There’d been a glint in her eyes, a murderous glint just as her embrace tightened, a fraction of a second before her mouth came down on his, that warned him of what was to come.

Of death if he didn’t flee.

Corbett sat up in his bed for a moment, his black silk sheets cool against his hot skin. He dragged a hand through his silver hair, slowly drawing air back into his lungs.

The memory…a warning?

A premonition?

He had not remained alive in this precarious, constant high-stakes, cat-and-mouse existence by ignoring his gut instinct. Just because he’d been asleep was no reason to doubt that something was reaching out to him, trying to warn him.

But about what?

Cassandra DuMont was long in his past. The daughter of a cold-blooded, heartless man, Maximilian DuMont, who had been the head of an organization that went to the highest bidder, no task too loathsome, no moral line left uncrossed. The agents at MI-6 had referred to it as Snake, but that was an inside joke. The organization had no name. It was evil, undefined.

There’d been a brother, too. Apollo. Groomed to take over his father’s place when the time came. Dead by his hand, Corbett thought. Cassandra hadn’t known that when she’d made love with him. If she had, she would have tried to slit his throat. And he would have been forced to slit hers.

Instead of sparing her the way he had.

He’d been soft then. And naive. Believing in justice, truth and all the hype he’d been sold when he was first inducted into Britain’s Secret Intelligence Service—S.I.S., formerly MI-6. He and his comrades were protectors of the realm. He’d be lieved that they would stand by him and he by them.

Until the allegations came.

And then, suddenly, he was alone. Watching his entire world, his carefully crafted career, crash and burn. They’d called him a double agent and said they had the evidence to prove it.

The stillness continued.

Corbett took a long breath, as if the air in his lungs would place that period of time even further from him than the actual years did.

Before he could mount a defense, he was swiftly brought up on charges of treason and convicted on the basis of fabricated evidence. His father, a former Hungarian refugee who’d risen to some prominence in Parliament, turned from him, calling him a disgrace even though the old man had never wanted him to be part of S.I.S. in the first place. The words that cut deepest were the ones he’d heard from his mother, saying she was ashamed of him.

And then, out of the blue, Edward, his womanizing older brother, came to his rescue, providing money that allowed Adam Sinclair, Corbett’s best friend and right-hand man, to bribe enough guards to bring about Corbett’s escape from prison. There was no love lost between the brothers, but Edward said he knew Corbett to be a loyal man and loyal men did not sell out their country.

The words, more than the money, forever placed him in Edward’s debt. And, somewhat ironically, Edward had become the financial handler for the Lazlo Group.

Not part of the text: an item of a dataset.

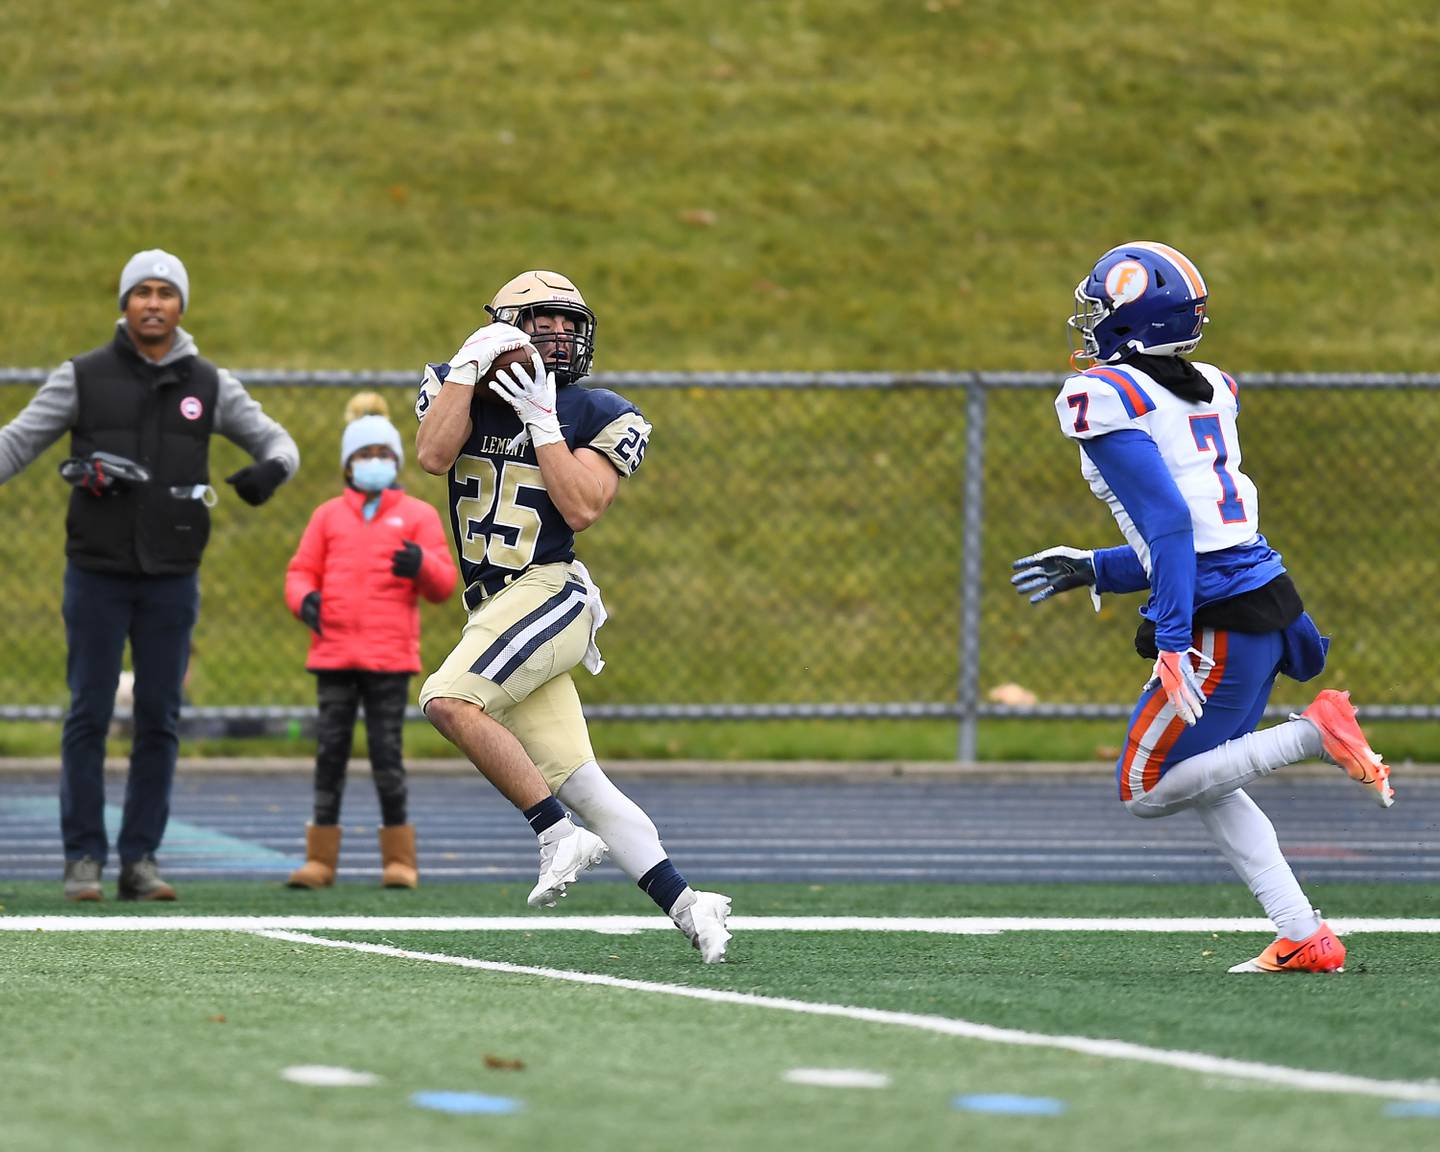 Lemont's Sam Andreottie (25) catches a pass during Class 6A quarterfinal playoff game on Saturday, Nov. 13, 2021, at Lemont High School.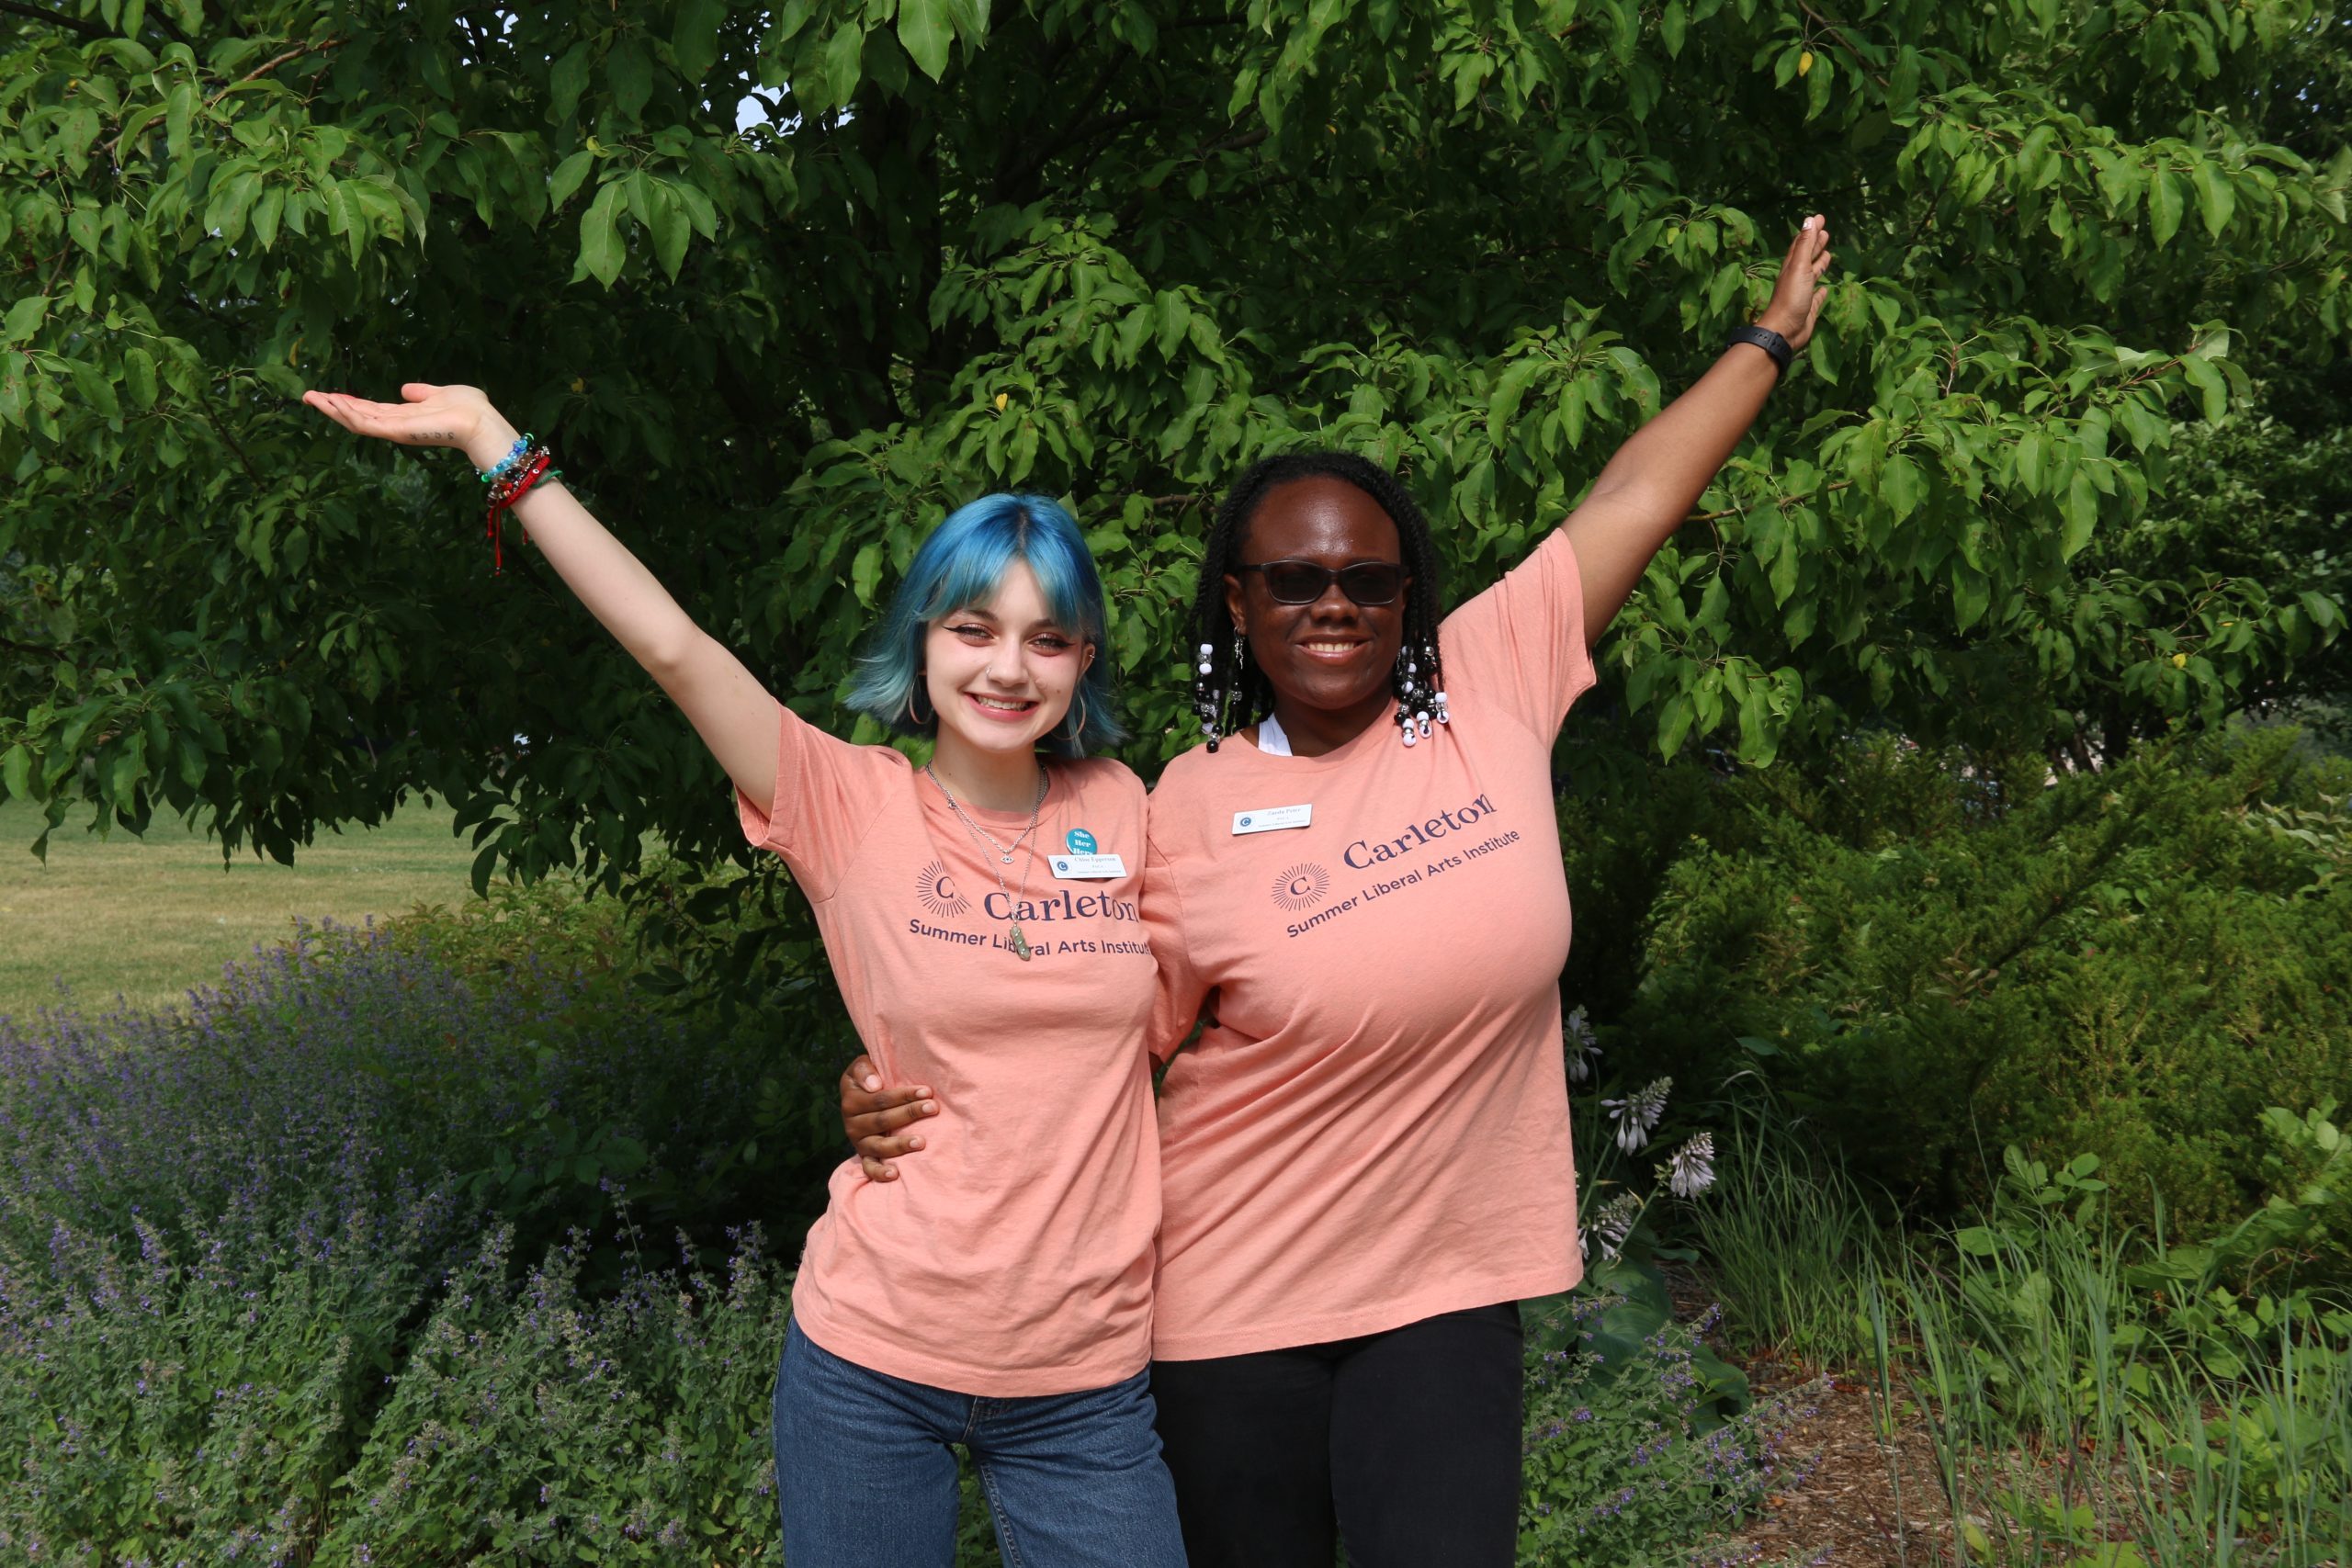 Two people wearing orange SLAC shirts smile and pose with their arms raised in the air.

With Adam, Corbett had fled the country, coming to France. When he’d created the Lazlo Group, Adam was the first agent he recruited to join. Together, they oversaw the labor pains of its concrete formation. But if asked, Adam always gave him the credit for the group’s inception. It was the Lazlo Group, not the Lazlo–Sinclair Group.

Originally, the agency had been created as a means to prove Corbett’s innocence. His intention was to discover who had planted all the damning evidence against him. But even now, more than a decade later, he still had no answers.

He had, however, managed—thanks to the advances in forensic science and the introduction of DNA as a tool—to prove that he had never betrayed his country.

Apologies were issued. The S.I.S., saying all was forgiven, wanted him back. But he hadn’t wanted it back. Because all was not forgiven, as far as he was concerned.

These days, he had little time to pursue a trail that was close to seventeen years cold. The Lazlo Group had grown from two to more than fifty. It was now an international team of highly trained agents with a myriad of talents and skills, not the least of which was discretion. Corbett’s nephew, Edward’s son Joshua, had surprised Corbett by becoming one of his best agents.

The Group was also perhaps the best-kept secret in the free world among the upper rungs of governments. Usually called in as a last resort, or when a situation was of such a delicate, discreet nature that no one else could be trusted to handle it, the ever-growing organization had more work than it knew what to do with. Consequently, there was no time to investigate a personal wrong done to him so many years ago.

But he would eventually solve the puzzle, Corbett promised himself. He didn’t believe in loose ends.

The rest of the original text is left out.